To achieve optimal parsing results, ensure that the input that you provide when you create the model is broad enough and covers all the data elements that you expect the model to receive at run time. If the input is too limited, the parsing output will include unidentified data. If the input contains rows, it must contain at least three lines of data.
Use simplified input to generate the model. For example, if the input data has tables, provide a table with just a few sample rows rather than many rows of data. If you use a JSON input file that contains repeating groups of data, limit the number of repetitions.
If the model does not match the runtime input data, or only partially matches the input data, there might be a large amount of unidentified data and data loss. However, some variations will still be parsed.
Verify that the length of each combination of group name and field name doesn't exceed 255 characters. For example, if the name of the group that a field belongs to is group, the field name can't exceed 250 characters. If a combination of group name and field name exceeds 255 characters, mappings that use the model fail to run.

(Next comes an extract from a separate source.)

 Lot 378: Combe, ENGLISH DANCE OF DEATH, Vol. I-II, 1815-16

Discover structure from an entire XML or JSON sample file
By default, Intelligent Structure Discovery discovers the structure of the data based on the first portion of the input file. When you base a model on an XML or JSON file, you can choose to discover the structure of the data based on the entire file, up to 30 MB. Use this option if the first portion of the file doesn't represent all the input that you expect to use the model for at run time.
Note that when Intelligent Structure Discovery discovers the structure of the data based on the entire file, the discovery process might take a few minutes to complete.

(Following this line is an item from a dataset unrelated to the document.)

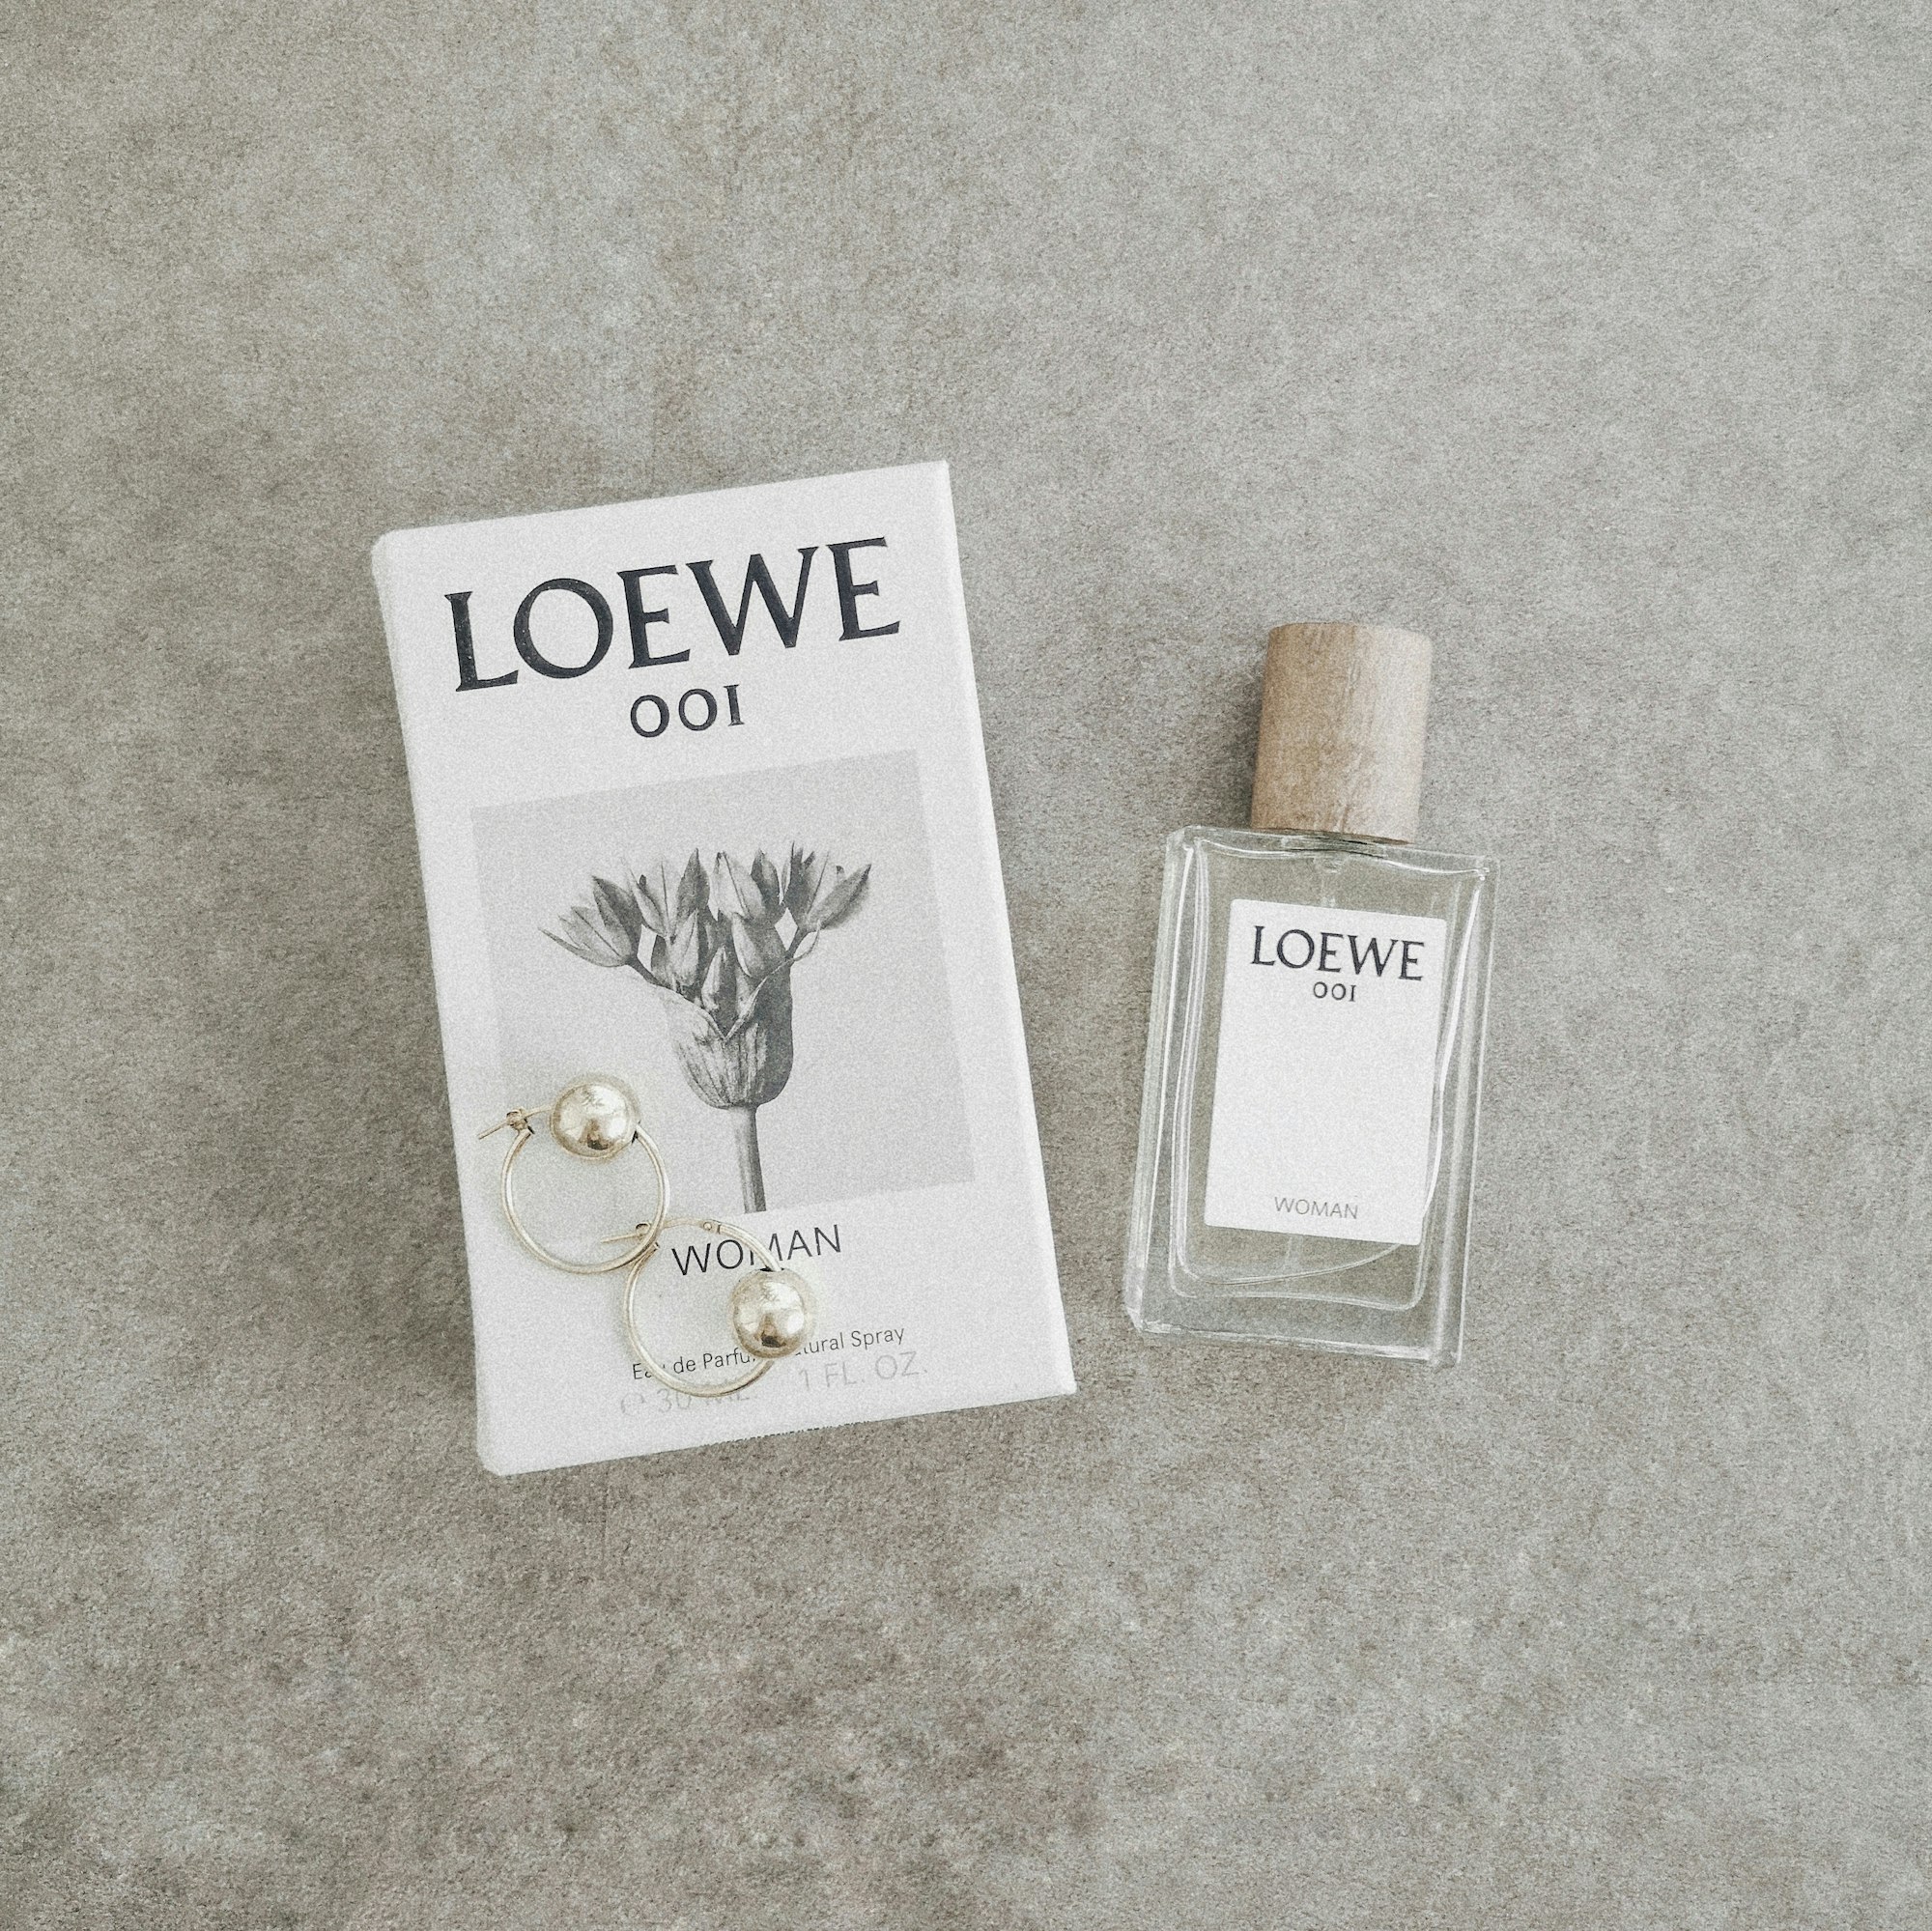 Loewe fragrance with gold earrings.

Discover structure from a Microsoft Excel file
You can base a model on the following types of Microsoft Excel files: xla, xlam, xls, xlsm, xlsx, xlt, xltm, and xltx.
Using ORC files
You can use the model to read ORC files through a flat file connection in Data Integration. You can't use the model for ORC streaming.
Using multiple sample files in a model
After you create a model based on a JSON, XML, ORC, AVRO, or PARQUET sample file, you can use additional sample files to enrich the structure with fields that exist in the new samples. The additional files must be of the same file type as the type of file that the model is based on.
Using multi-file XSD schemas
Consider the following guidelines when you use an XSD schema that contains multiple XSD files as the model input:
•The schema files must be compressed.
•If the XSD files reside in a directory structure, to preserve the structure, the parent directory must be compressed.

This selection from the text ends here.